Когда-то первыми холм, получивший название "Лысая гора", заняли десантники. Видимо, в этом батальоне служили славяне, раз выбор пал на такое название, но оно прицепилось к холму, как родное. Высоту удержали, противника отбросили, линию фронта сместили на несколько километров. После этого десант это место покинул, оставив в качестве наследства маленький форпост.
Теперь здесь была небольшая посадочная площадка, крохотный медпункт для оказания первой помощи перед дальнейшей транспортировкой в военно-полевой госпиталь да несколько модулей для обеспечения нужд очень небольшого контингента, состоявшего из срочников и медиков. За управление этим забытым богом местом отвечал майор, получивший это назначение потому, что, видимо, его просто надо было куда-то слить. С таким командиром в форпосте и атмосфера царила соответствующая.
Все знали одно: форпост был жив только потому, что разведгруппе, работавшей здесь, нужна была база. Все остальное было вторичным. Соседство со спецами было неприятным, но именно они были хозяевами форпоста, несмотря на то, что никакой командно-административной роли не выполняли. Они просто по-звериному владели этой территорией, отпугивая недругов одной своей репутацией и подчиняя себе весь немногочисленный контингент без единого слова.

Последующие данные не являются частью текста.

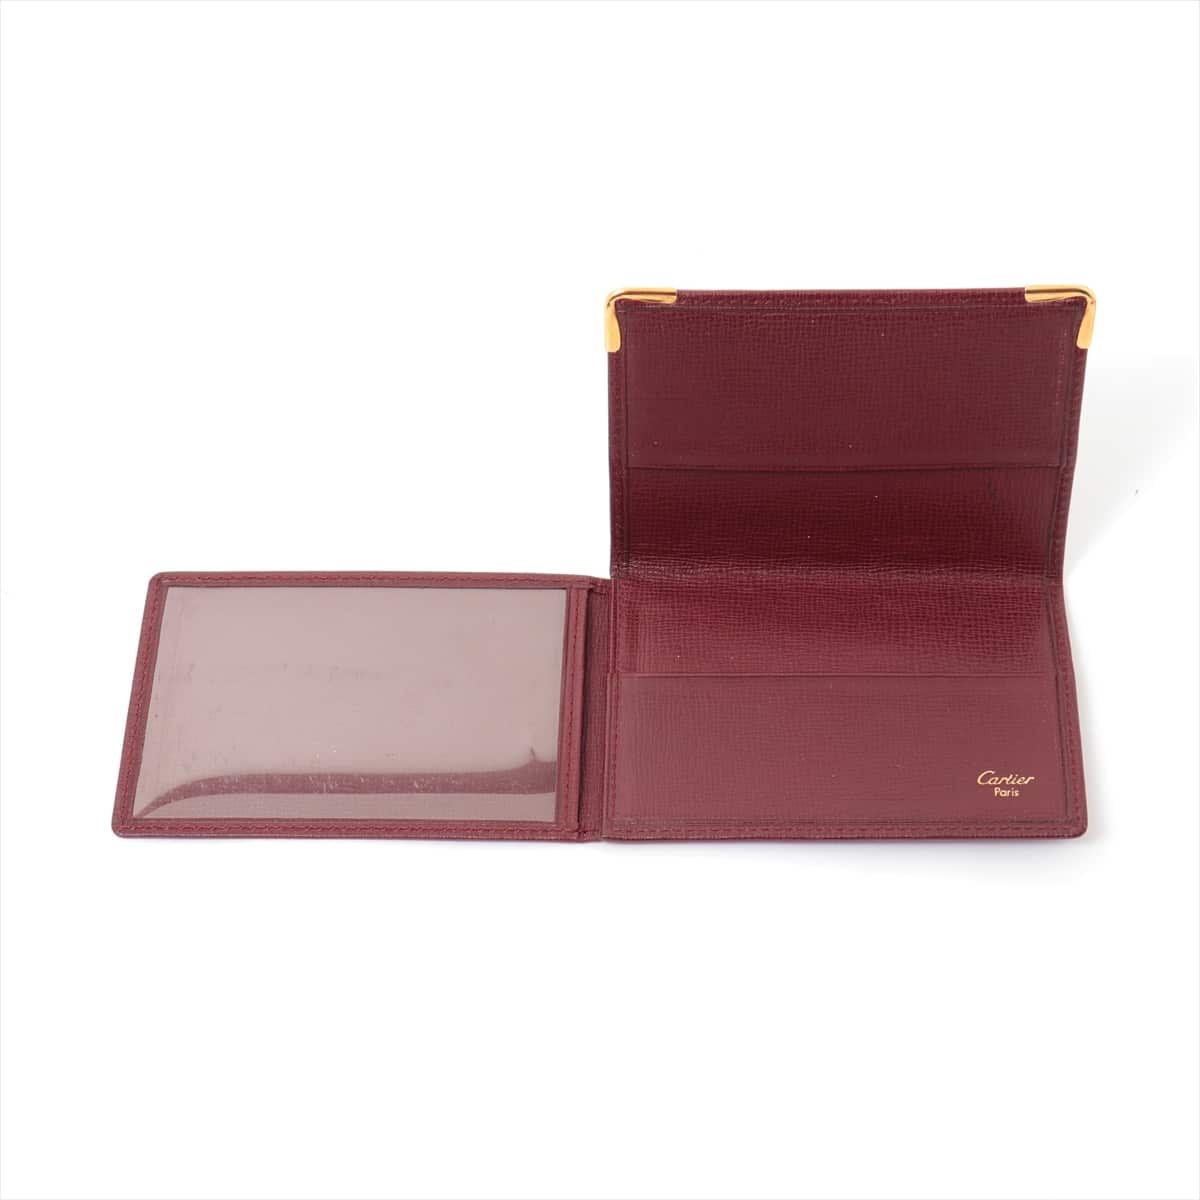 Cartier Must Line Leather Card case Bordeaux

Страшная "девятка" создавала парадоксальную ситуацию. Они были своими, выполняли тяжелую, опасную работу и порой спасали людей, но при этом от них шарахались их же сослуживцы. Их самих и их зловещую обитель именовали "зверинцем", часто присоединяя к этому слову нелицеприятное и нецензурное прилагательное. Отношение не изменилось даже когда они вывели из-под огня противника детей из приюта и работавших с ними волонтеров. Или когда вернули нескольких попавших в плен солдат Альянса. Или когда освободили целую деревню от захватившей ее банды мародеров и дезертиров. Это была лишь малая часть их деятельности и все, кто служил в одном с ними форпосте, знали, что все эти добрые дела не идут ни в какое в сравнение с тем, что остается сокрытым от чужих глаз. Ужас перед этим тайным был гораздо сильнее уважения за благородные дела.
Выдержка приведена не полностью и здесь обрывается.